As soon as the report was out, related organisations, started to deny this phenomenon. The main proof for denial, for example, by the Governor of Tehran was that “no such contract has ever been officially registered!”, concluding that it does not exists.
“This is so ridicules to say so”, says Ehsan, 29, a housing agent. “Everyone knows that most of the rental contracts are not registered at the Government Housing Portal. Even for regular apartments. Real estate agencies prefer not to officially register the contracts because in this way they pay less tax. For many renewal contracts, landlords and tenants do not even refer to a real estate office, in order not to pay the commission.”
The report about “roof-sleepers” went quite viral. The Government accepted that it must interfere in the housing market and control prices. It quickly passed a bill which allows only 25% increase for rental prices in the Capital, Tehran. For other metropolitans in Iran this increase can be up to 20% and for other cities up to 15% maximum.
“I don’t think that it would solve anything”, says Mr Ebrahimi, 48, another house agent. “It just increases the number of non-official contracts. We have several landlords who do not accept the rule. They just have made their mind and are inconvincible. We warn them, that considering the economic situation, even if they find a tenant who accepts their price, it is very probable that after a while they fail to pay.”
The government, therefore, uses another weapon to force the cap on new prices: for those landlords who have not officially registered their contracts, in case tenants do not pay the rent, no court will issue evacuation order.
Keep it empty, but don’t decrease the price
But still the number of landlords who do not take the rule seriously, is much higher than those who decide to obey. As the new rule is supposed to be lifted as soon as the situation with Coronavirus outbreak goes back to normal, several landlords may even decide to keep their properties empty to rent it at a higher price later.
According to the Planning and Budget Organisation of Iran, there were already 2 million empty apartments in the country, out of which 25% are located in the capital.

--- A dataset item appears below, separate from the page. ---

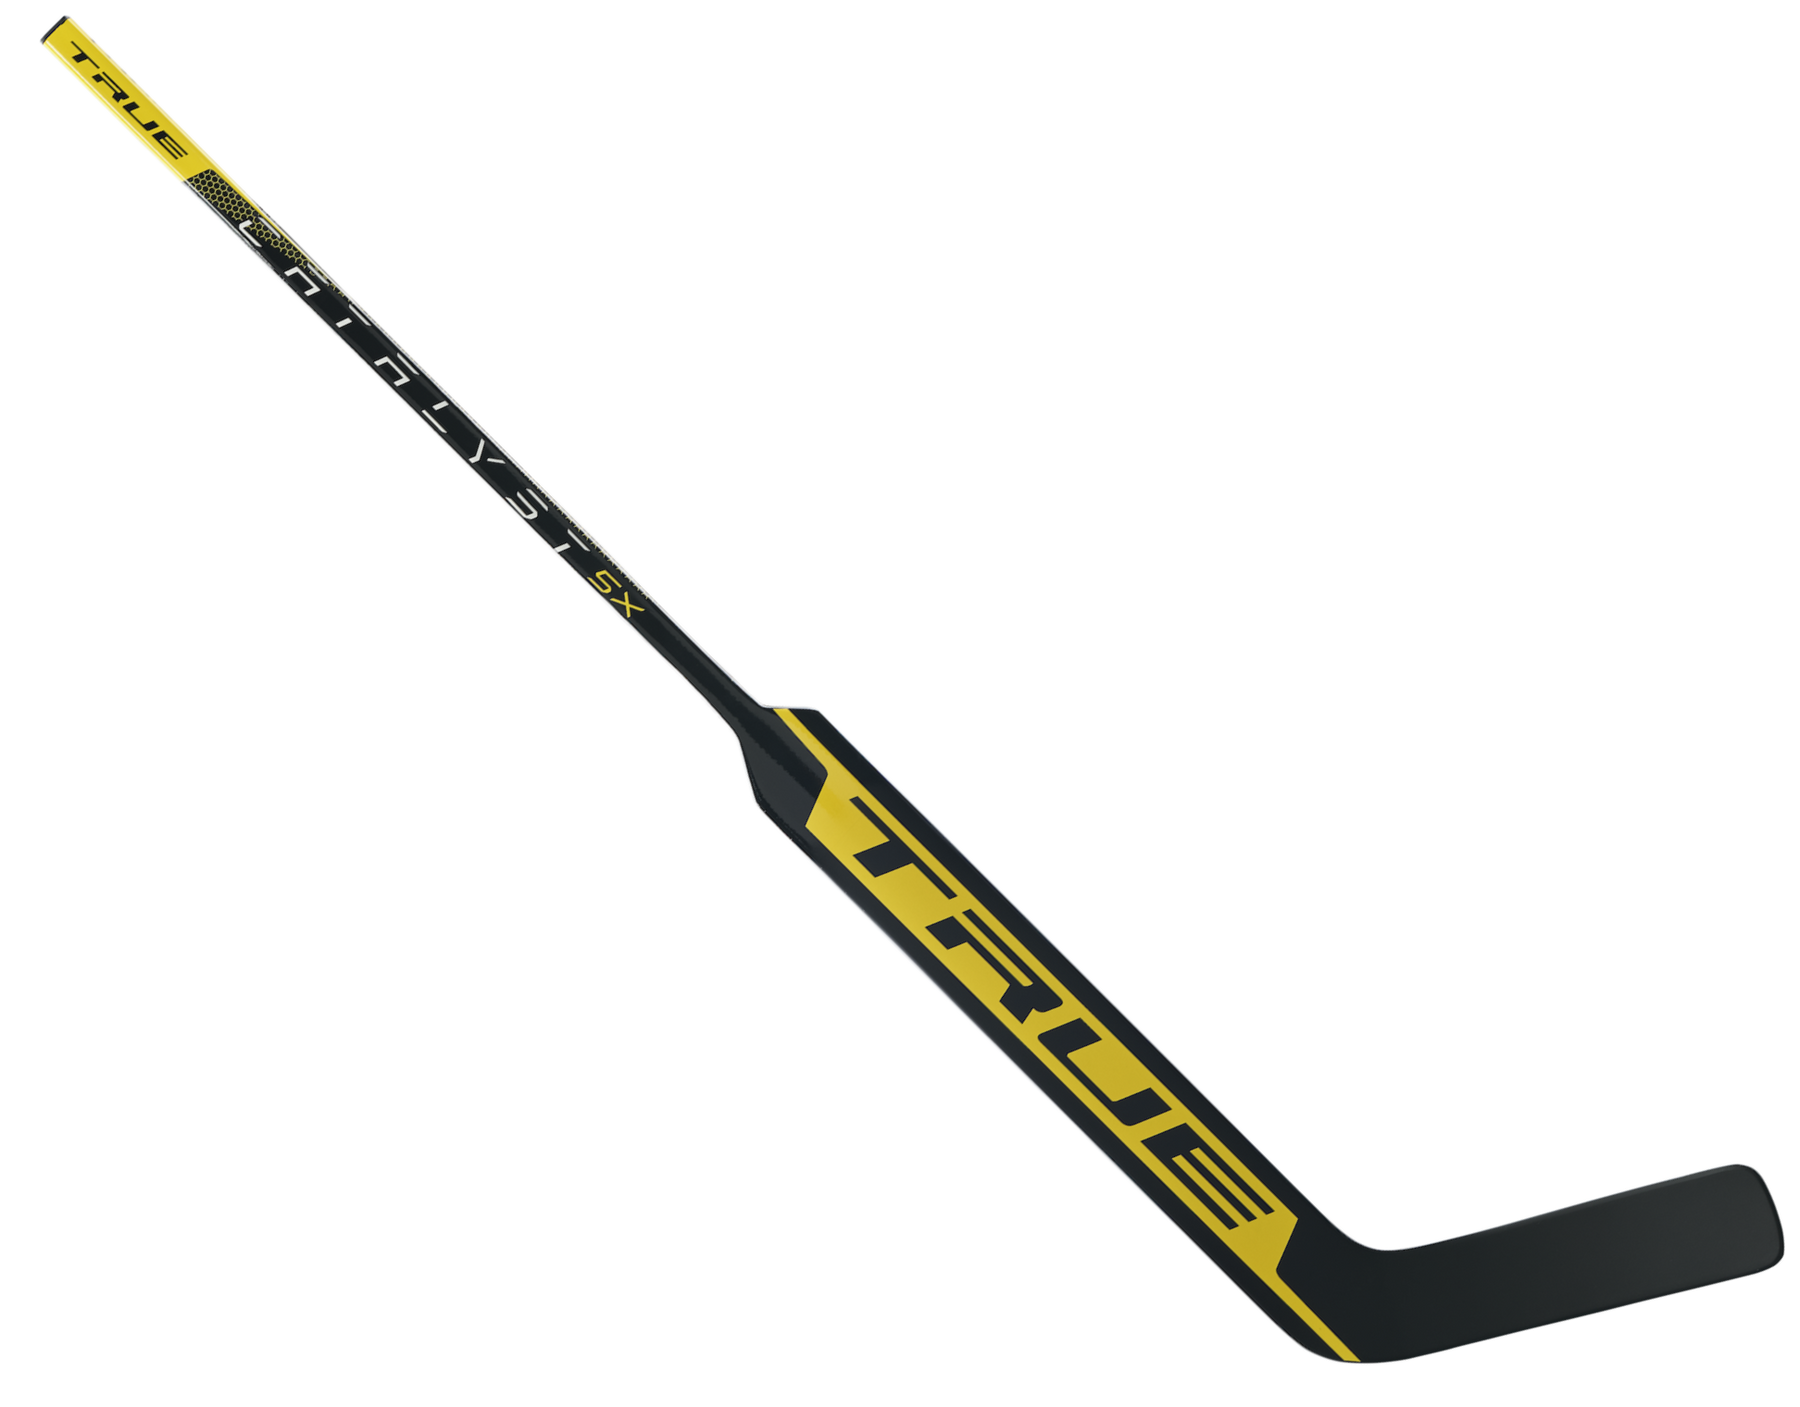 True Catalyst 5X Senior Goalie Stick (Black)

The government says that it will impose a tax on empty properties, however such discussions until now have never been taken seriously to become a law. It is therefore quite possible that this figure would increase.

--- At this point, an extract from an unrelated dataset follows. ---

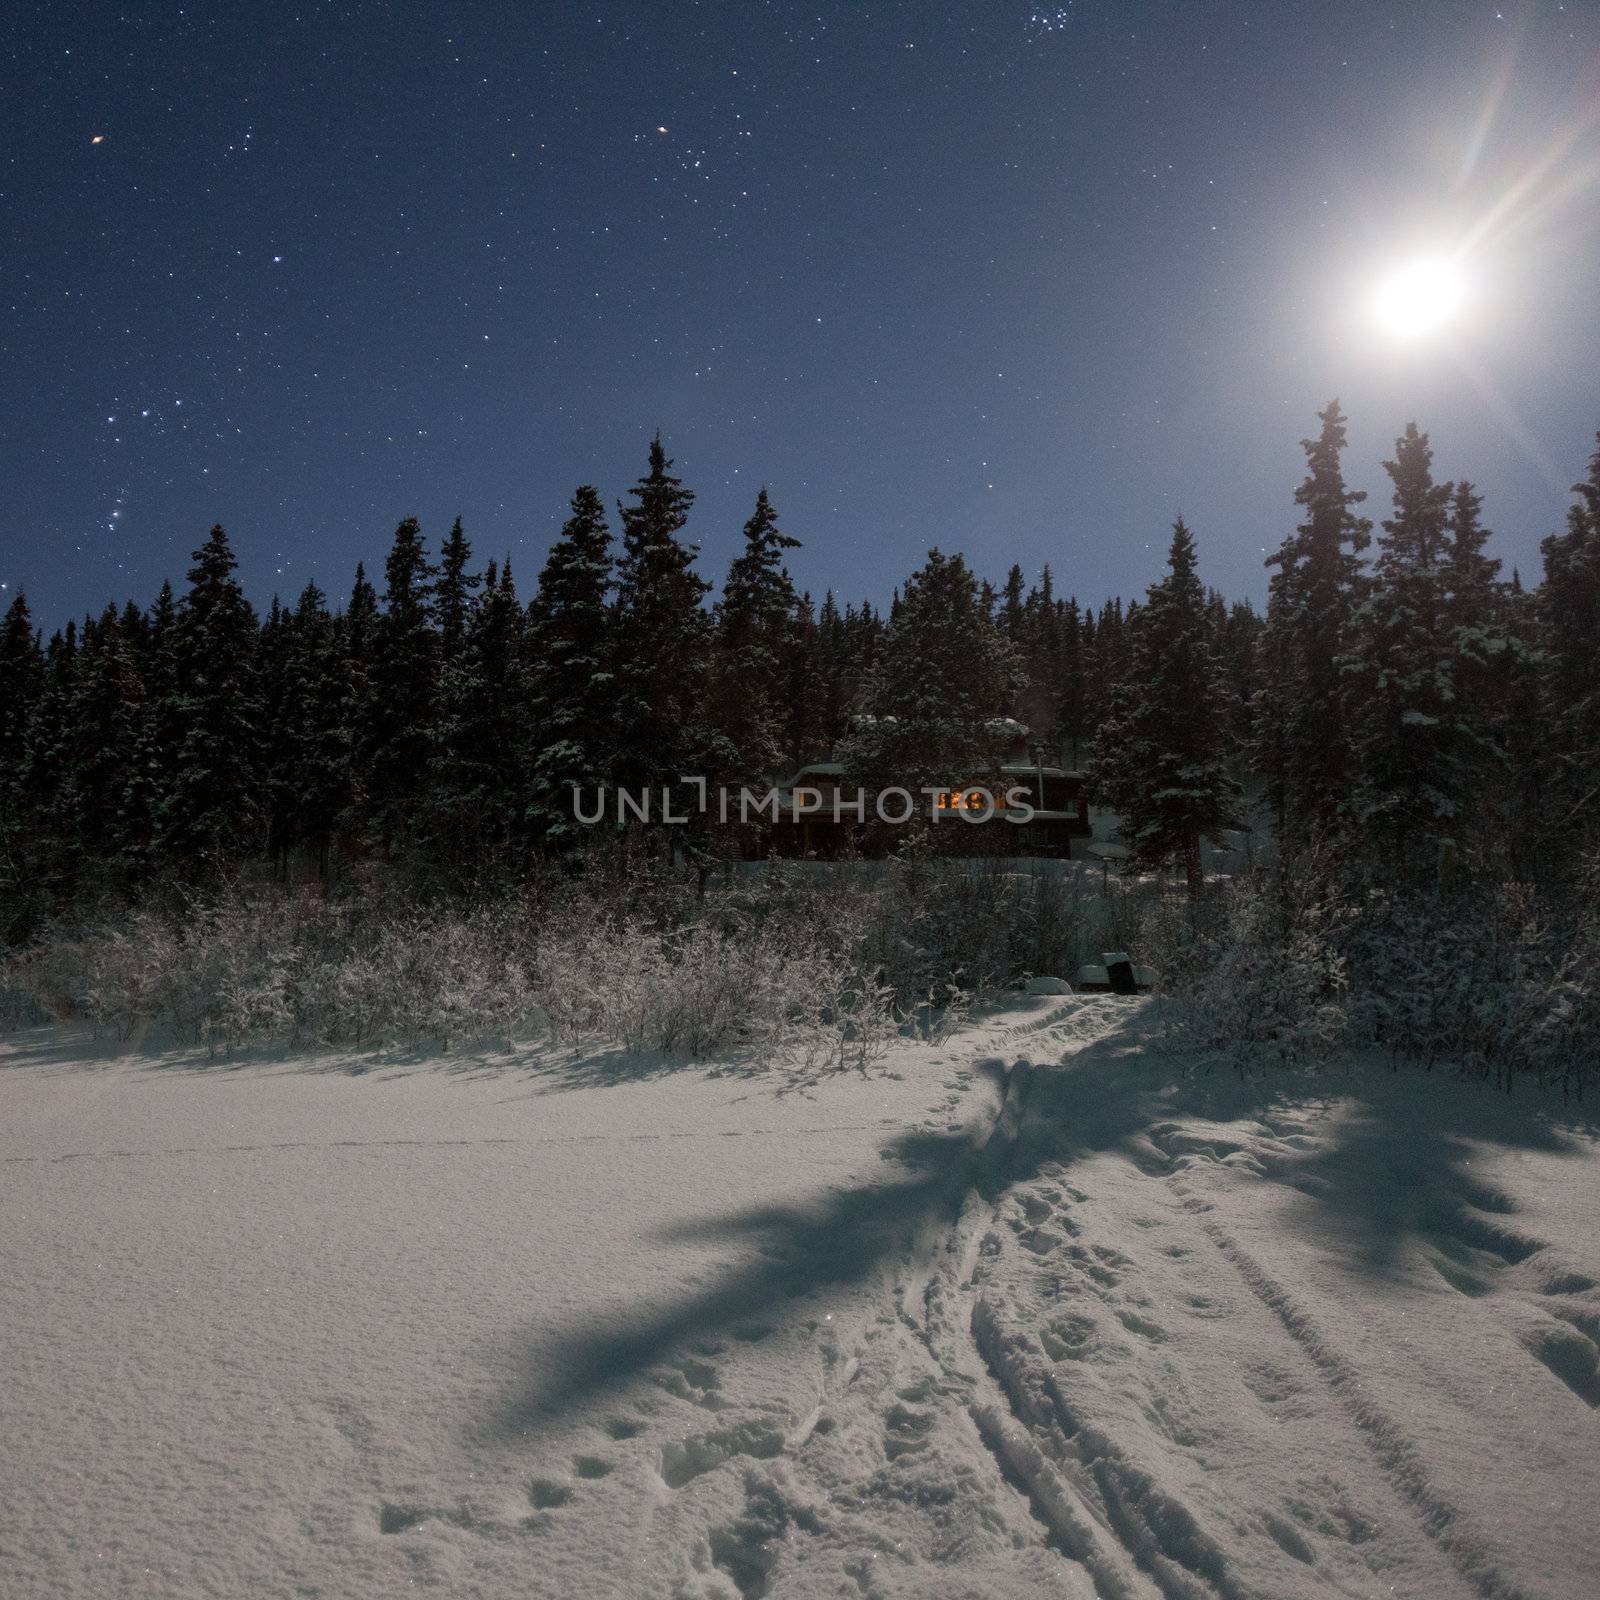 Cottage in moon lit winter wonderland by PiLens

Whatever happens, it does not seem that with the current economy we are witnessing (in fact you are witnessing and we are experiencing) things would get much better soon.

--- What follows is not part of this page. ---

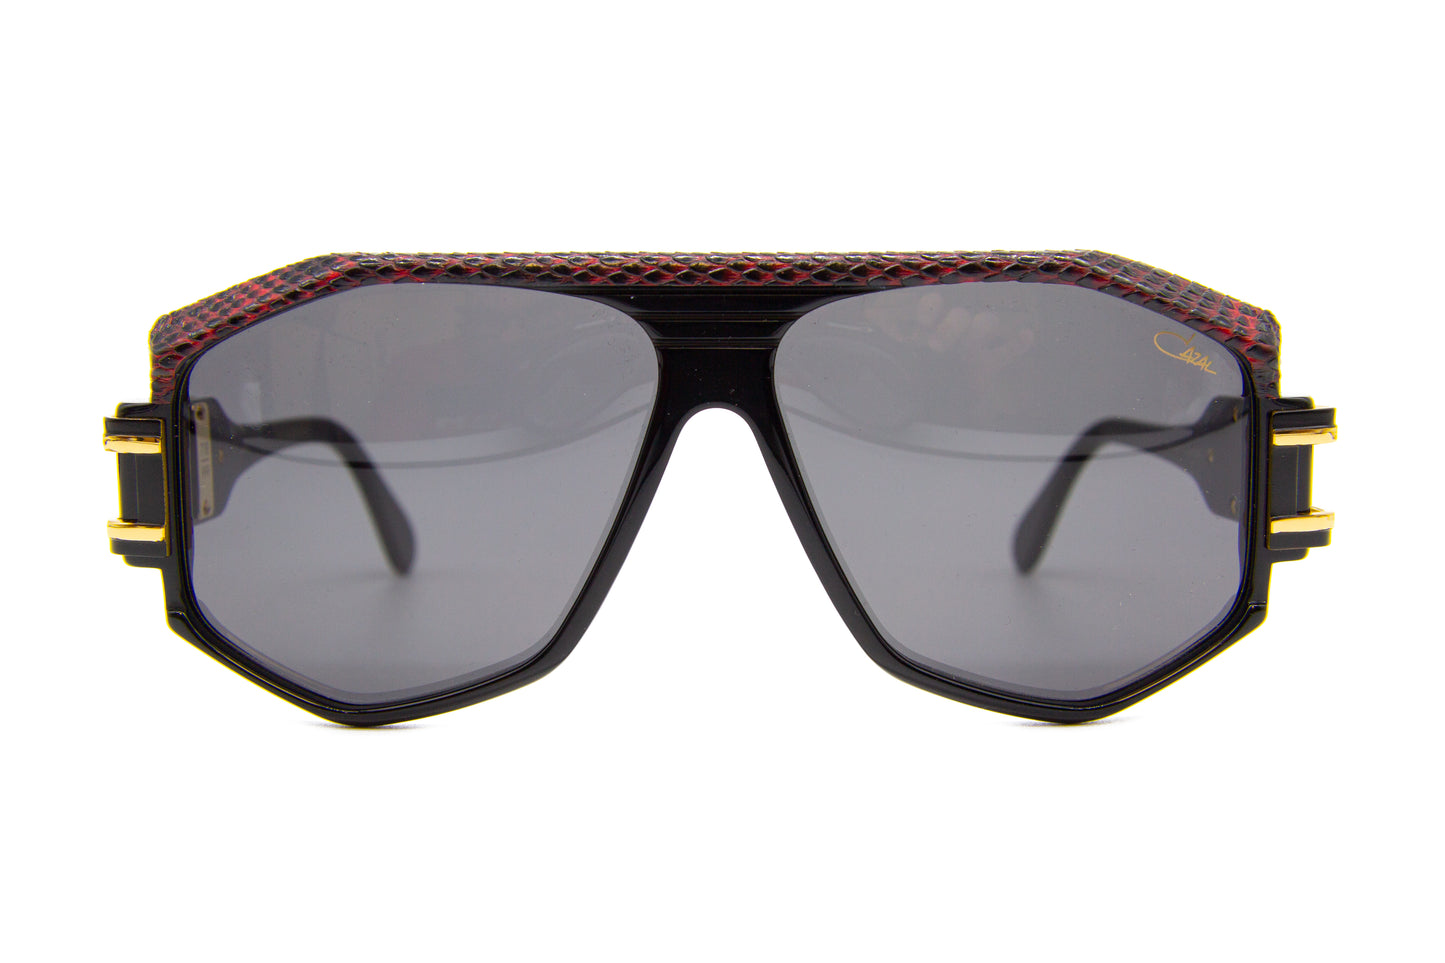 CAZAL - Legends - 163-3 - 702 - Germany - Sunglasses

Ex-Minister of Roads and Urban Development, Abbas Akhundi, said in 2017 that 19million of Iranians reside in “non-standard locations”. There is no new statistics available and some analysts estimate that considering the worsening economy, this figure might reach 38million now.
In the census of 2016, nearly 9% of Iranian households were sharing homes together and the number of families had exceeded the number of available properties by 1.4 million.
Whatever the numbers, the fact is that at night everyone is tired and everyone needs to sleep. If they are not lucky enough to find a roof above their heads, they may even compromise to sleep on the roof of others.